Nplate is indicated for the treatment of thrombocytopenia in patients with chronic immune (idiopathic) thrombocytopenic purpura (ITP) who have had an insufficient response to corticosteroids, immunoglobulins or splenectomy. Nplate should be used only in patients with ITP whose degree of thrombocytopenia and clinical condition increases the risk for bleeding. Nplate should not be used in an attempt to normalize platelet counts.
Important Safety Information
Serious adverse reactions associated with Nplate in clinical studies were bone marrow reticulin deposition and worsening thrombocytopenia after Nplate discontinuation.
Bone Marrow Reticulin Formation and Risk for Bone Marrow Fibrosis
-- Nplate administration increases the risk for development or progression of reticulin fiber deposition within the bone marrow.
-- In clinical studies, Nplate was discontinued in four of the 271 patients because of bone marrow reticulin deposition.

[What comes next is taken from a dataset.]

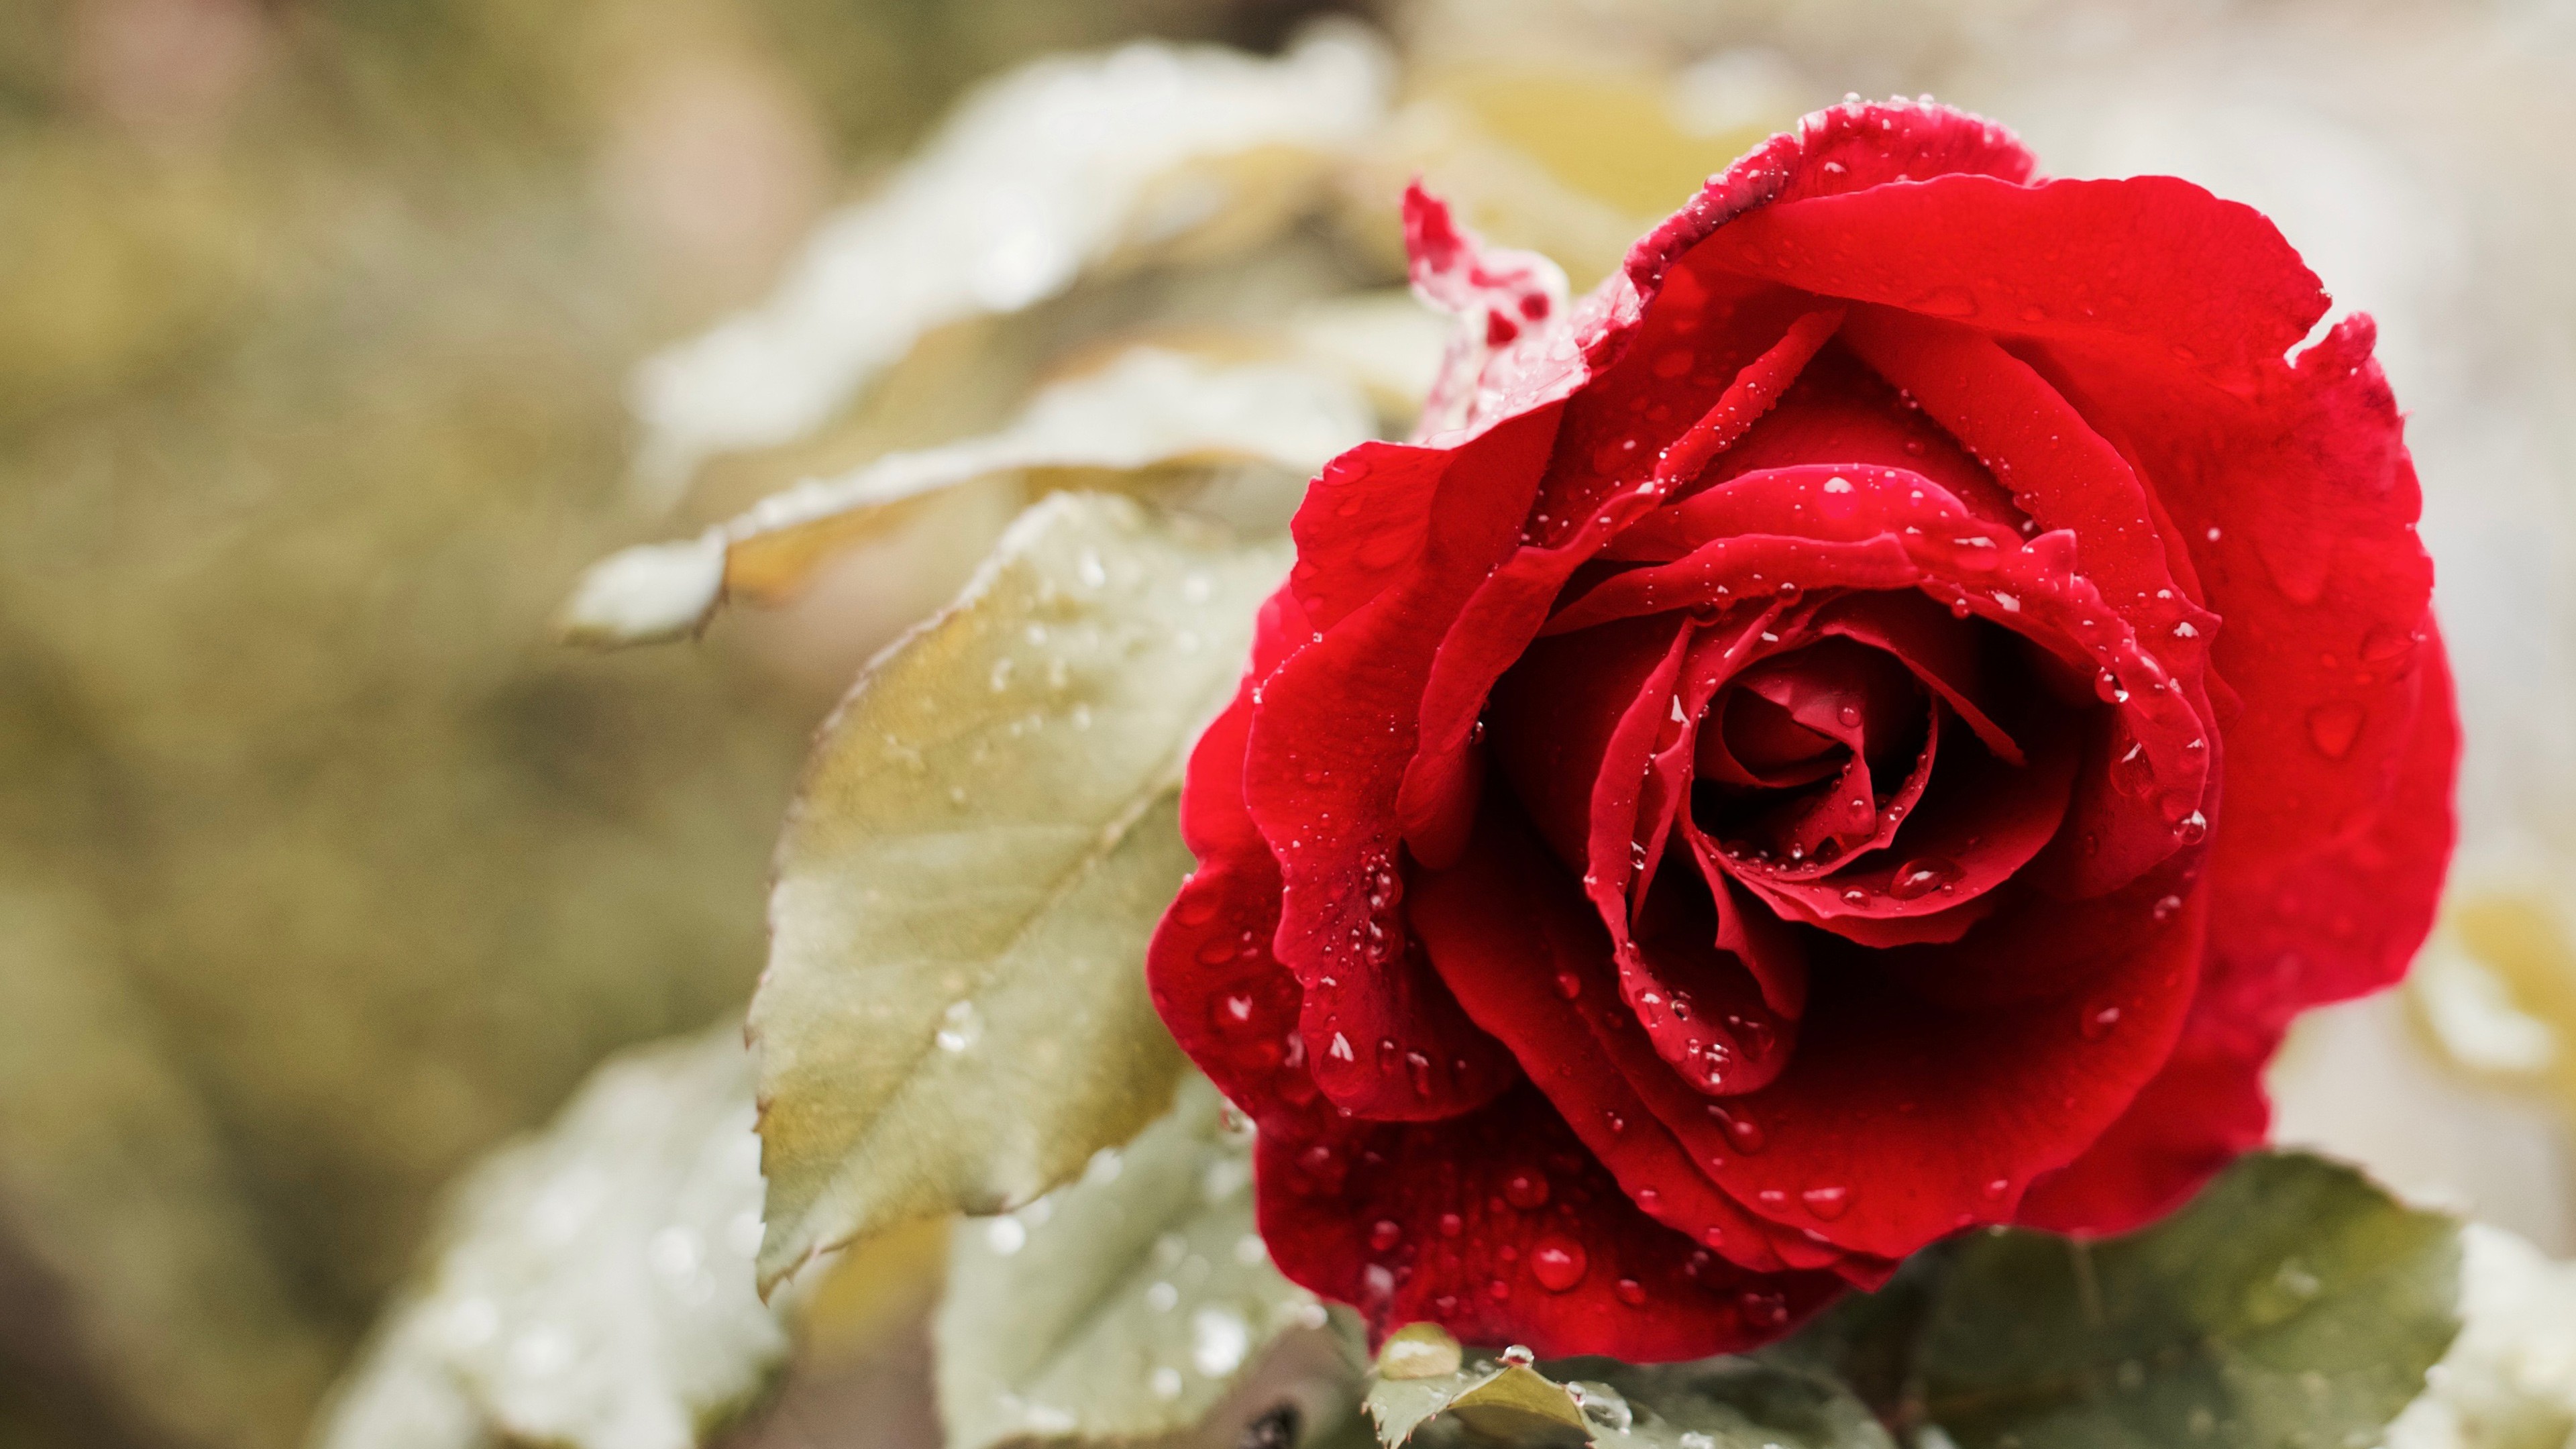 Rose is beautiful. Красивые розы. Красные розы. Самые красивые розы.

Six additional patients had reticulin observed upon bone marrow biopsy. All 10 patients with bone marrow reticulin deposition had received Nplate doses greater than or equal to 5 mcg/kg, and 6 received doses greater than or equal to 10 mcg/kg.
-- Progression to marrow fibrosis with cytopenias was not reported in the controlled clinical studies. In the extension study, one patient with ITP and hemolytic anemia developed marrow fibrosis with collagen during Nplate therapy.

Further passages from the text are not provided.